Оставшись наедине, они миролюбиво улыбались друг другу, сверяли часы, распределяли нагрузку, как они выражались. День, расписанный поминутно у каждого на бумажке, были случаи забывчивости. Кому занести бельё в прачечную, кому забрать. В любимый магазин полуфабрикатов ходил тот, у кого оставалось время. Отец Альберта хитрил, стараясь увильнуть от быта под разными предлогами, при этом прекрасно понимая, что всё это не пройдёт и будет изобличён и сурово осуждён. Предпринимал время от времени попытки оправдаться, что он всё-таки мужчина и негоже ходить с авоськами, гремя бутылками кефира и молока. Математику, кандидату наук как-то не пристало, хотя декан его кафедры не стеснялся этого. Когда им приходилось встречаться в «Полуфабрикатах» или прачечной, смеялись: «Вот, ради прогулки решил проветриться. Погода сегодня прекрасная, чувствуется приближение оттепели, как говорится, приятное с полезным».
Альберт пацаном не очень-то вникал в гонку вооружений, железный занавес, холодную войну, не слушал забугорные голоса и не читал запрещённую литературу, чтоб прослыть продвинутым, тем более что вскоре пришла перестройка и кончился в Академгородке коммунизм и с ним удивительное, счастливое детство, когда, казалось, всё было возможно. Бесчисленные кружки, народный театр, изостудия, шахматная школа и так далее.
Сняли пионерские галстуки, сдали, просто выкинули или спрятали партбилеты. Уже не писали в автобиографиях первой строкой: «Я – комсомолец». Куда-то подевались плакаты «Слава советской науке!», учёные засобирались за лучшей долей. Отец лишился места, его списали, как и маму. Альберт считался перспективным, оставили в команде лабораторий генетиков. Отец был подавлен, разочарован недальновидностью политиканов.
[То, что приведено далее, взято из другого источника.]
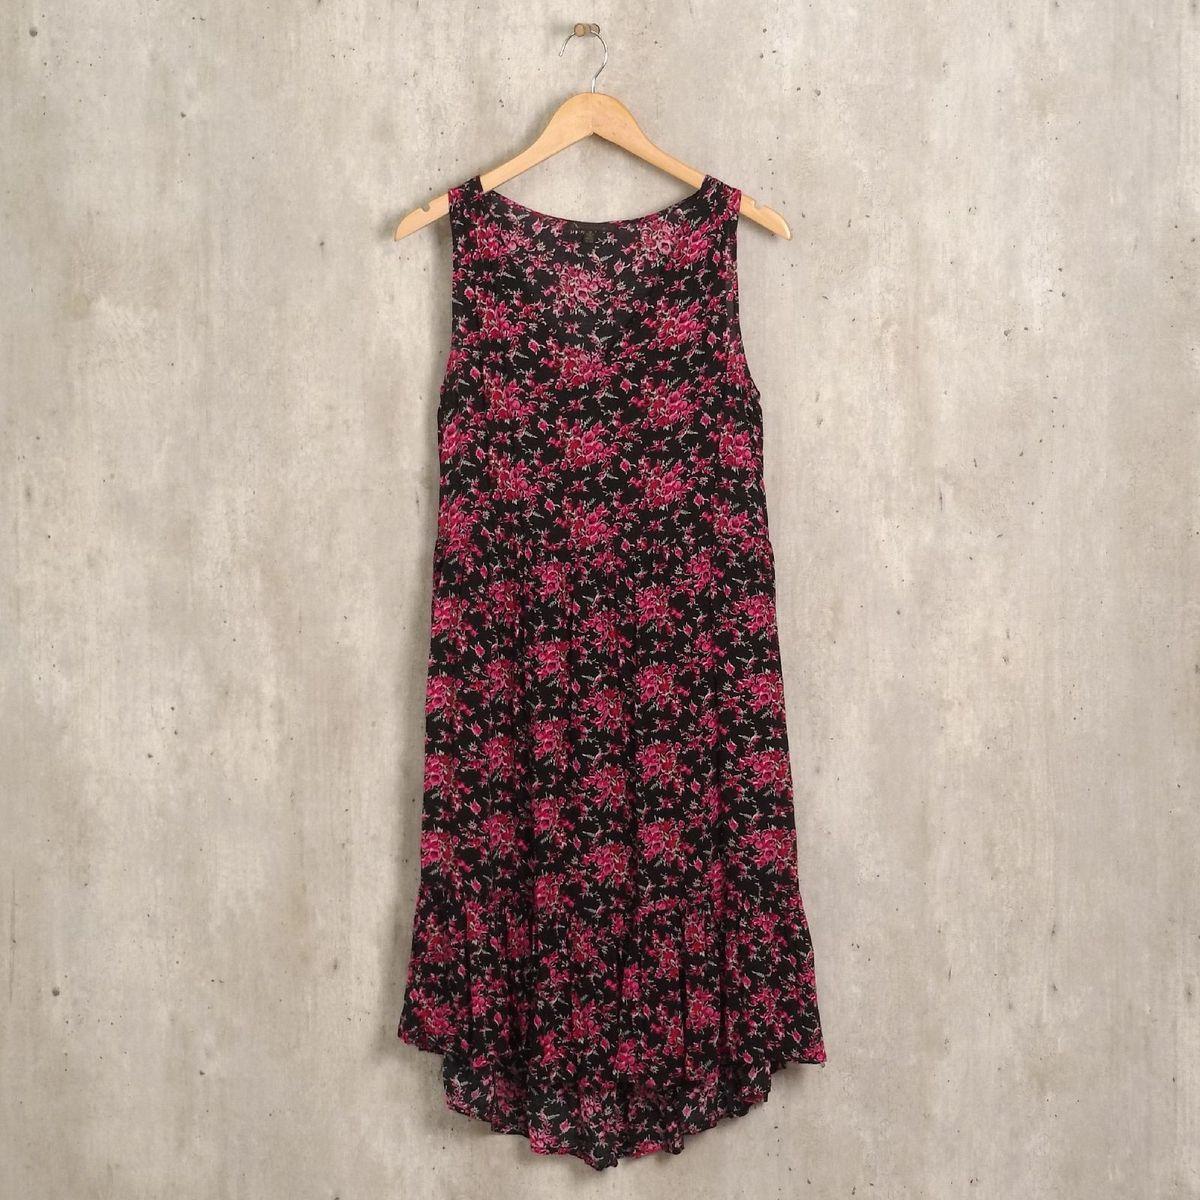 vestido preto com rosas - vestidos lucca couture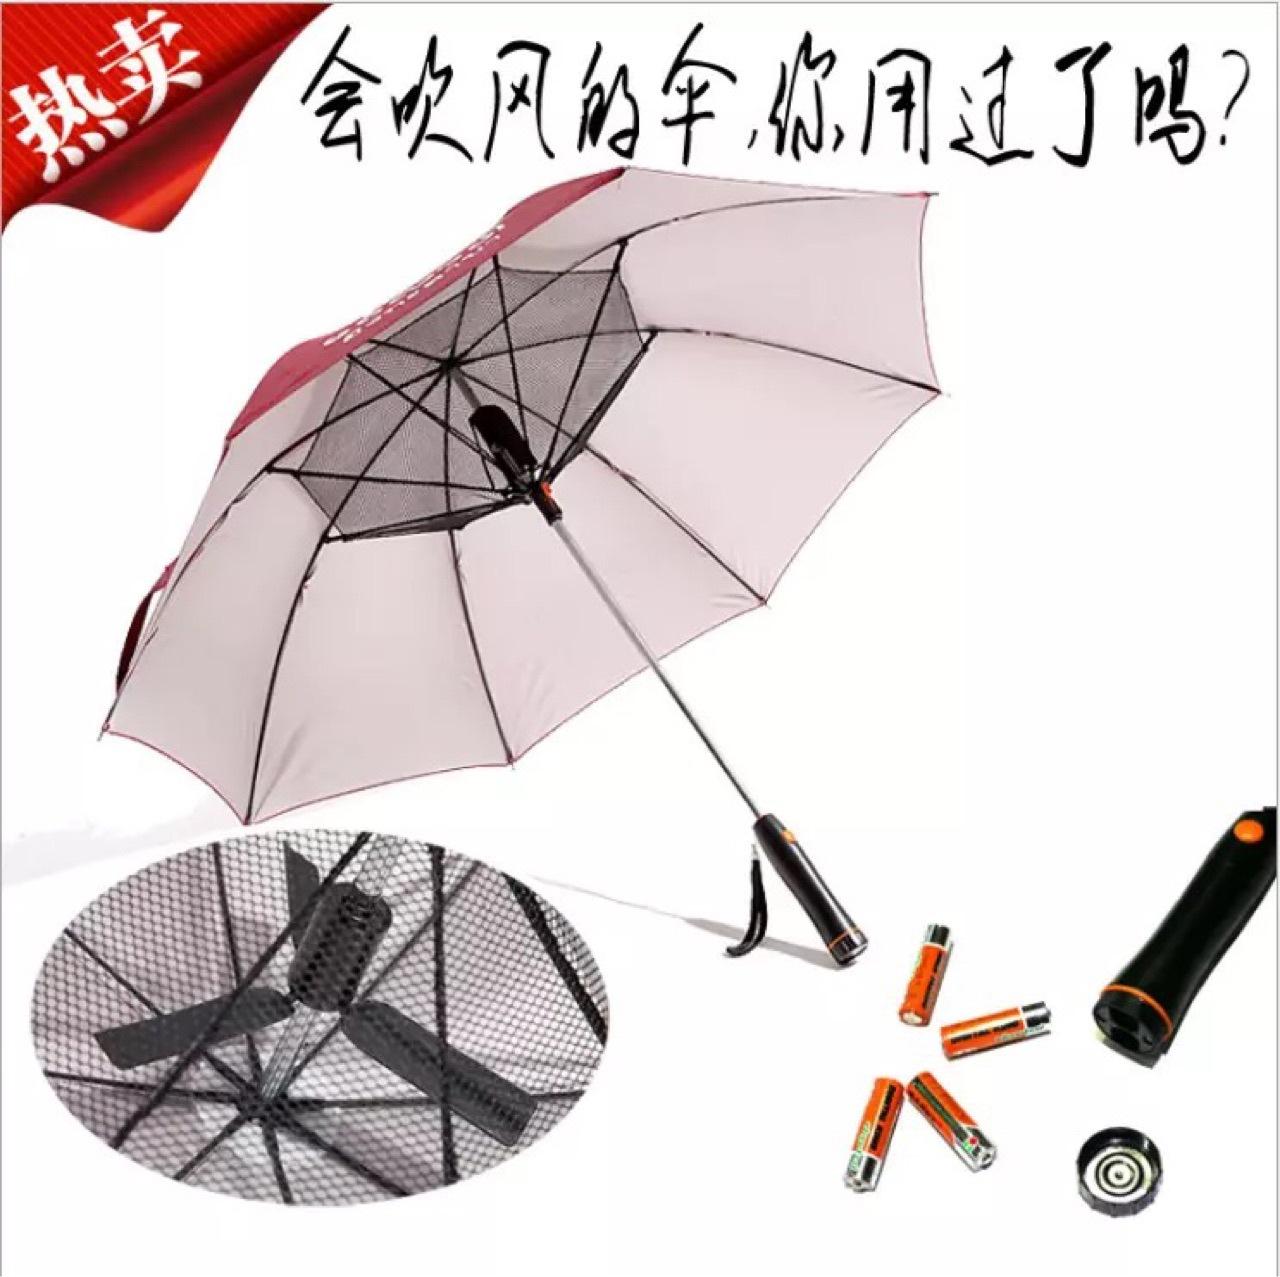 带风扇的伞晴雨两用伞太阳伞遮阳伞新款降温伞风扇伞创意两用防晒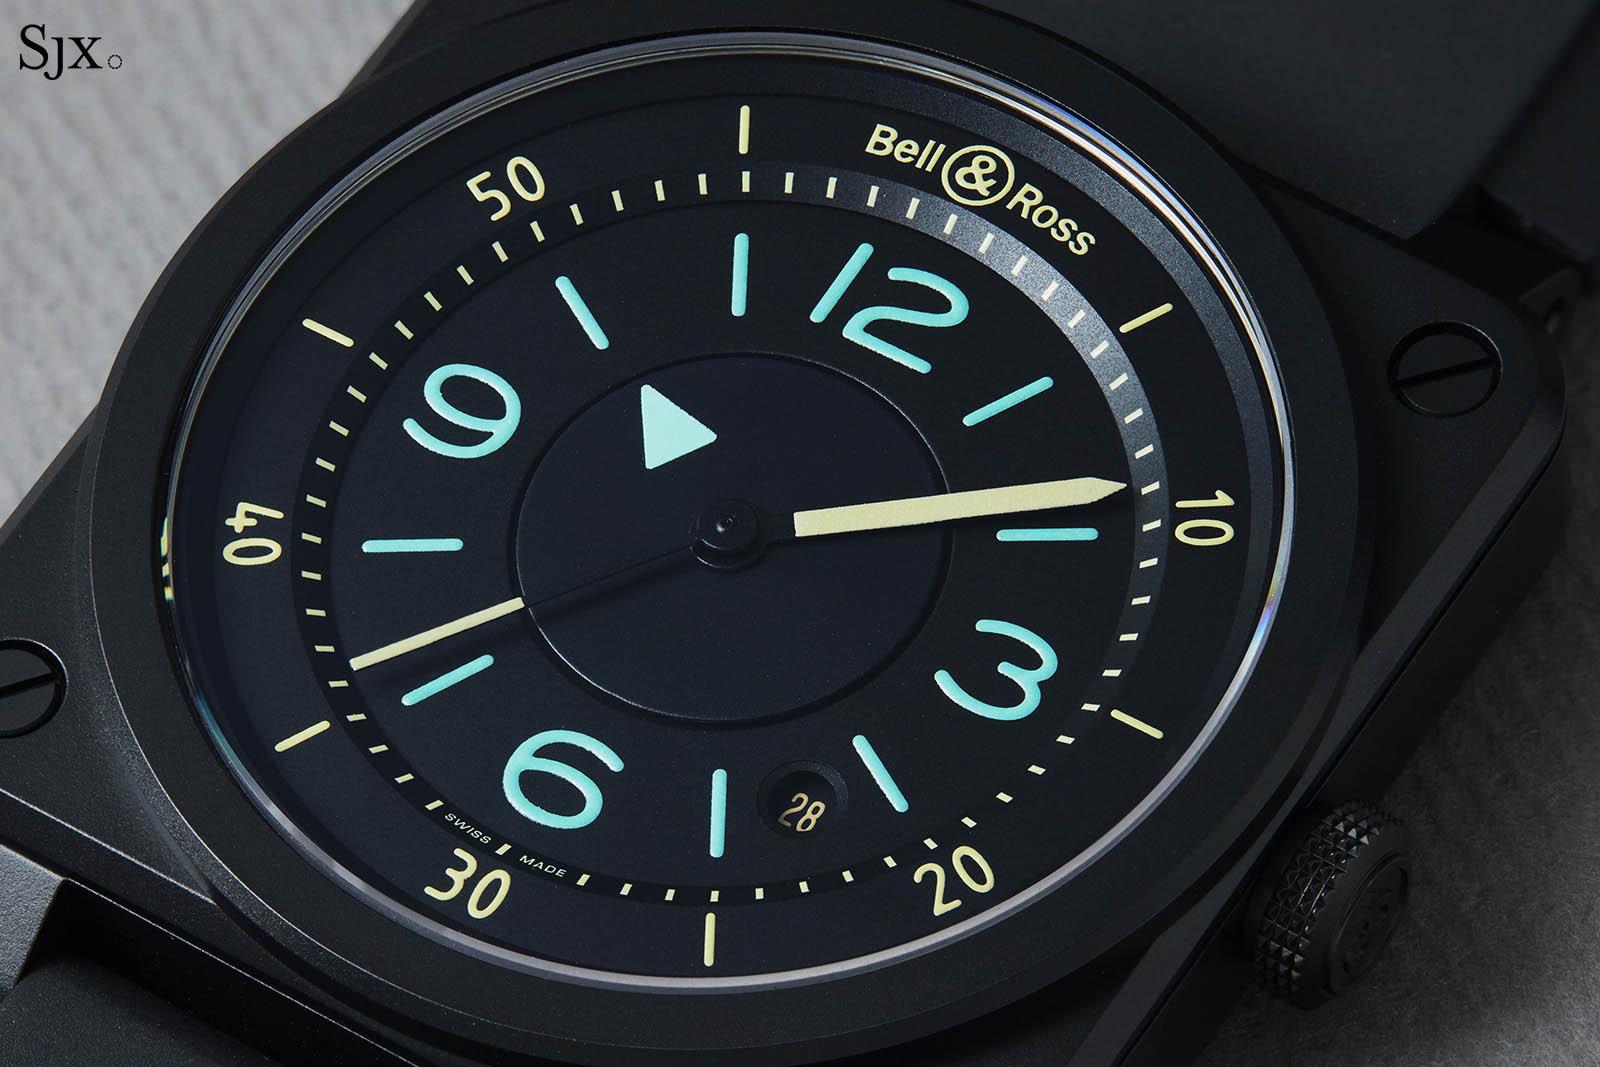 Bell & Ross BR 03-92 Bi-Compass 4

Мать твердила: «Сколько можно работать?», чтоб как-то успокоить отца, пыталась чем-то отвлечь, но получалось наоборот. Ни во что он не вписывался. Ни в махровый халат с креслом и тапочками, ни книгами, ни парком, куда тянула жена. Вдруг тоска взяла за горло, и только Ленинград казался каким-то спасением. Тут же сел в поезд, уехал, и там удалось опубликовать статью, что писал дорогой, не смыкая глаз, в «Ленинградской правде», где в отделе науки работал старый друг.
Статье, посвящённой русской науке, прошедшей много испытаний, сейчас грозило уничтожение. Удалось встретиться с первым интеллигентом, академиком, вместе посетовали на убогость чиновников, о близорукости и костности власти, в угоду кому-то поставившему институты на грань выживания, а учёных вынуждая уезжать, о советском человеке, у которого сознательности было куда больше, об отсутствии патриотизма, о том, сколько случайных людей во власти. Чаёк да тортик, высокие слова, а сделать что-то конкретное, понятно, не под силу. И академик не у власти, а около. Ему роль отведена – время от времени о совести напоминать.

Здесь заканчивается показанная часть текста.